Prenons l’exemple de « l’amendement Bourquin ». Cet amendement de la loi Sapin II a fait l’objet de plusieurs mois de débats parlementaires et a risqué la censure du Conseil constitutionnel, puis a finalement été adopté. Il permettra dès janvier 2018 aux emprunteurs de résilier chaque année leur contrat d’assurance de prêt immobilier. La philosophie de cette mesure est respectable car elle engendrera des économies pour beaucoup de Français. Néanmoins, il est nécessaire de mesurer l’impact de sa mise en œuvre concrète et opérationnelle, d’examiner les effets de bords éventuels. Certains établissements financiers alertent du risque « d’usine à gaz ». C’est ce que nous étudions, actuellement et donc a posteriori, au sein du Comité consultatif du secteur financier dont je suis membre.

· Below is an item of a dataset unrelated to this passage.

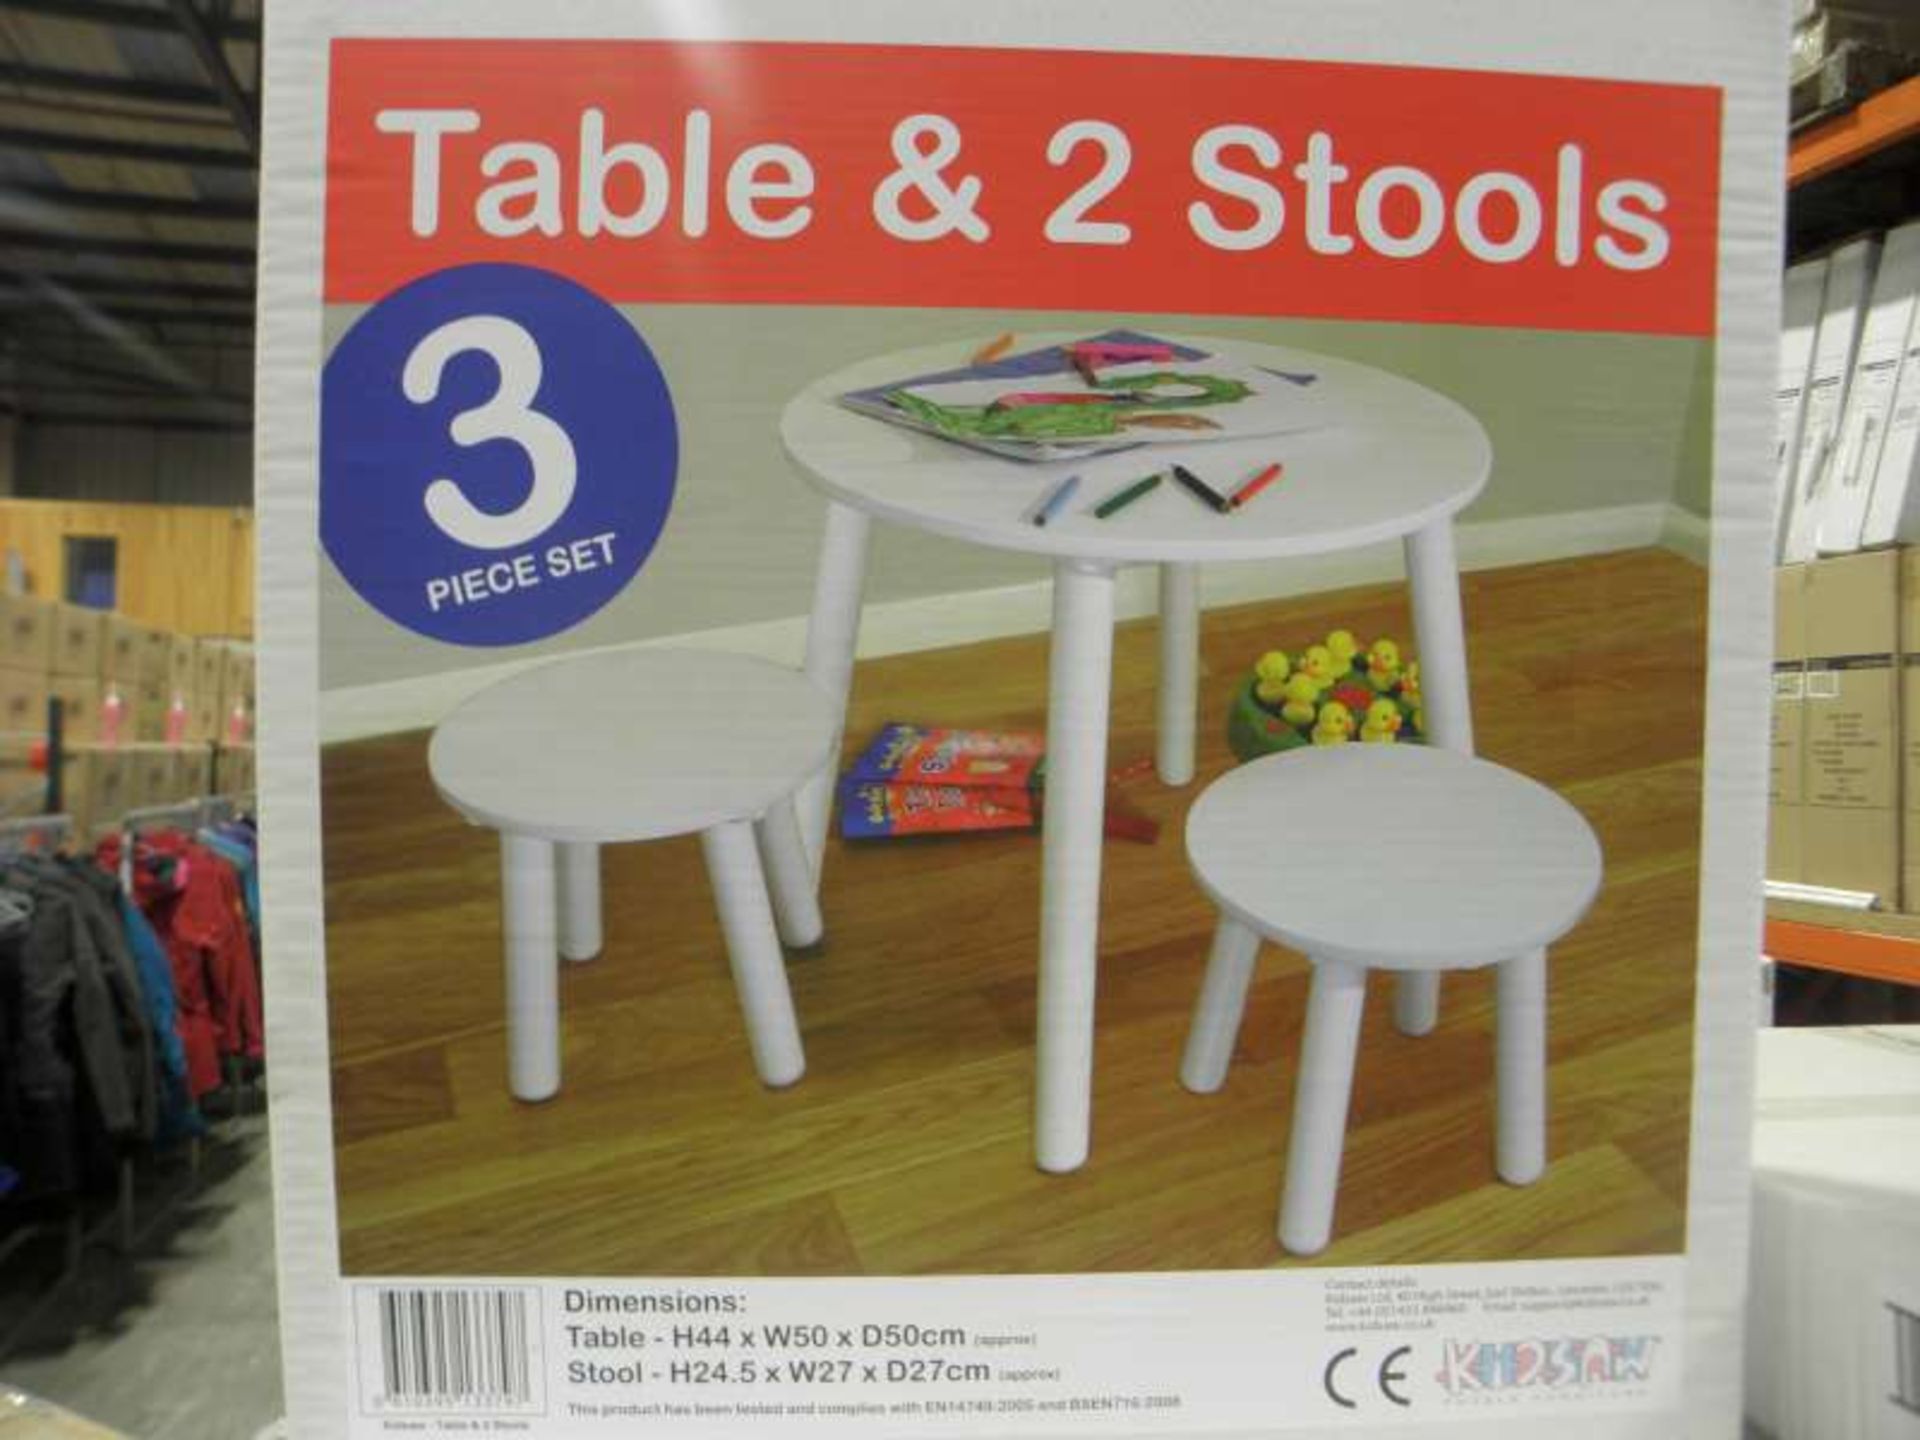 6 X KIDSAW 3 PIECE TABLE AND STOOL SETS

Dans son rapport de septembre 2016 le Conseil d’État s’interrogeait « Devons-nous nous résigner à la complexité croissante des normes et à l’insuffisante qualité du droit ? ». Le Conseil reconnaît que des améliorations ont été indéniablement apportées au cours de la dernière décennie mais que l’ampleur de la tache reste à venir. Il appelle à une véritable politique de simplification et formule 3 objectifs déclinés en 27 propositions dont la « maîtrise de l’emballement de la production normative » et la « facilitation de l’application concrète de la norme ». Ces dispositions impliqueraient une temporalité différente qui permettrait de recourir plus fréquemment aux expérimentations sur les usagers.
En tant que parlementaires nous sommes face à une double obligation : celle d’améliorer la qualité du droit en même temps que celle de l’efficacité des politiques publiques. Nous devons travailler sur la fabrique de la loi autant que sur son résultat. La préoccupation a donc une dualité juridique / financière mais également ex ante / ex post.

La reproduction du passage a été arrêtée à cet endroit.